Neither does the law!


----------



## blueshoes (14 Feb 2006)

*Re: stopped by guards*

well oasis.gov should update there website and stop giving people wrong information.


----------



## blueshoes (14 Feb 2006)

*Re: stopped by guards*

Keizer Soze that €1,265 actually has a euro symbol before if you had bothered to look at it in which case its not €1,500


----------



## ClubMan (14 Feb 2006)

*Re: stopped by guards*



			
				blueshoes said:
			
		

> well oasis.gov should update there website and stop giving people wrong information.


Where is the incorrect info on _OASIS_? This presumably was not the reason that you specifically acted in such a way as to fall foul of the law?

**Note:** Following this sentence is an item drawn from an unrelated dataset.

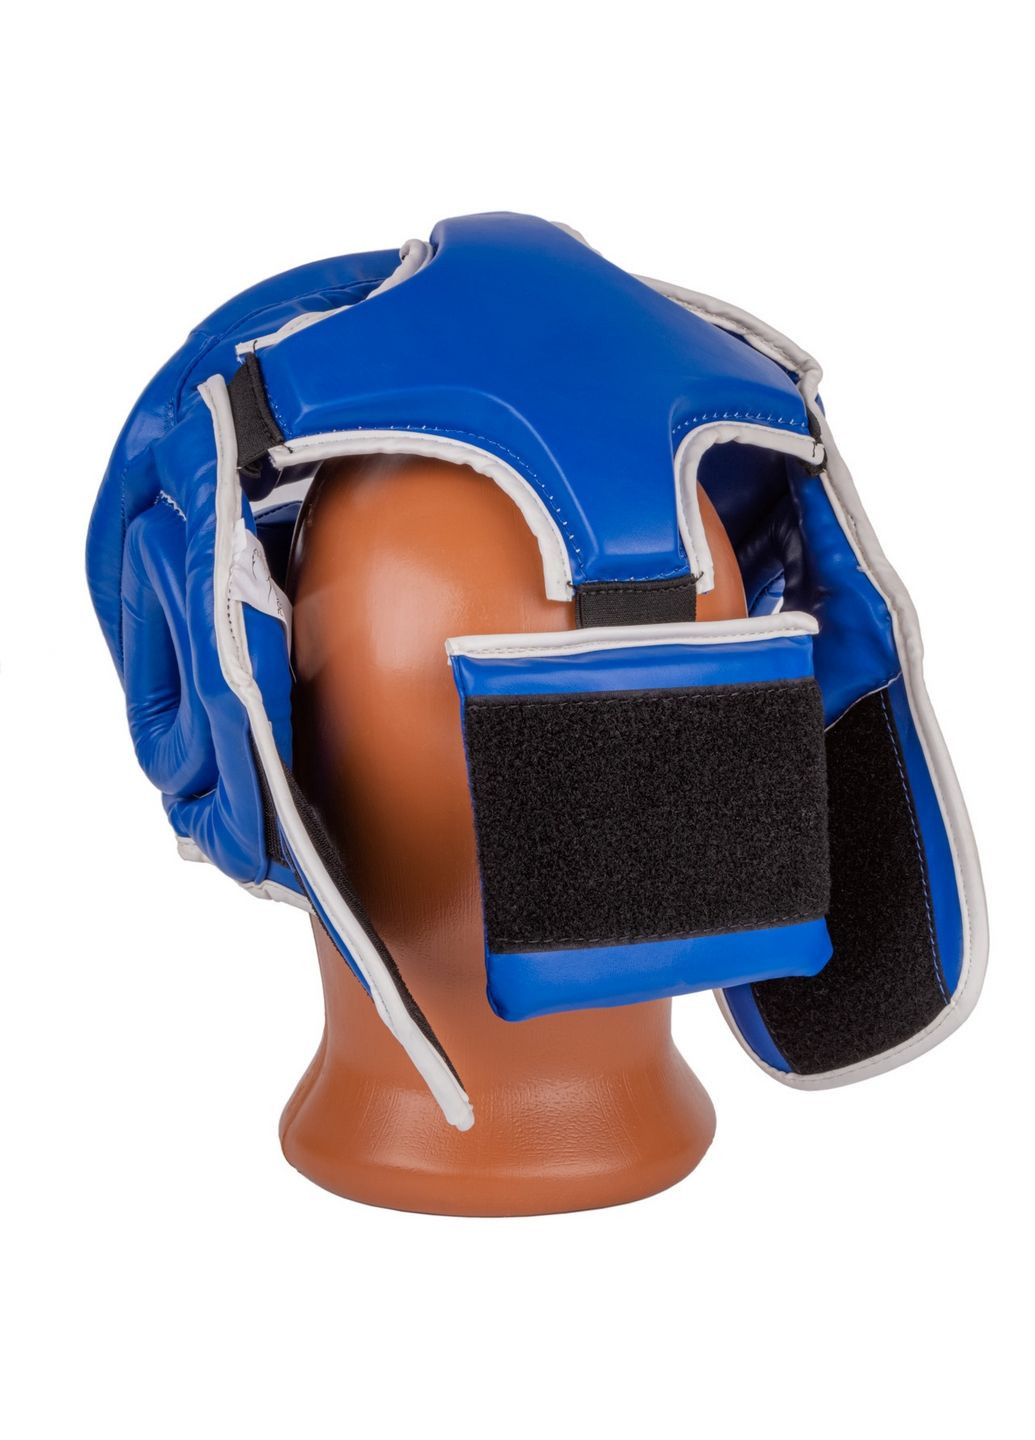 Боксерский шлем тренировочный PowerPlay (282591063)

Why not contact _OASIS _pointing out their alleged errors to them?


----------



## CCOVICH (14 Feb 2006)

*Re: stopped by guards*

Original question (in my own words):

Is €1,500 the correct fine for having illegal non-standard number plates?

Based on the *Revenue* link that Keyzer Soze posted, the answer is no, the correct fine for having illegal non-standard number plates is €1,265.


----------



## DrMoriarty (14 Feb 2006)

*Re: stopped by guards*



			
				CCOVICH said:
			
		

> Based on the *Revenue* link that Keyzer Soze posted, the answer is no, the correct fine for having illegal non-standard number plates is €1,265.


Oasis says the .

Take heart, blueshoes — just two more posts and you'll be licenced to Let Off Steam...


----------



## Keizer Soze (14 Feb 2006)

*Re: stopped by guards*



			
				blueshoes said:
			
		

> Keizer Soze that €1,265 actually has a euro symbol before if you had bothered to look at it in which case its not €1,500




Where did _*I*_ say it was €1,500??


----------



## CCOVICH (14 Feb 2006)

*Re: stopped by guards*

I wonder if the €1,500 *Garda* fine is in addition to the maximum €1,265 fine that can be levied by the *Revenue* Commissioners?  Or are the Gardai acting as agents of of the Revenue and 'misquoting' the offendant?


----------



## DrMoriarty (14 Feb 2006)

*Re: stopped by guards*

The _Gardaí_ don't set fines, they just issue them. Maybe the _Garda_ in question was distracted by blueshoes' jazzy plates (or something) and got his migures fuddled?


----------



## Keizer Soze (14 Feb 2006)

As far as i know - you'd be summonsed for having illegal number plates.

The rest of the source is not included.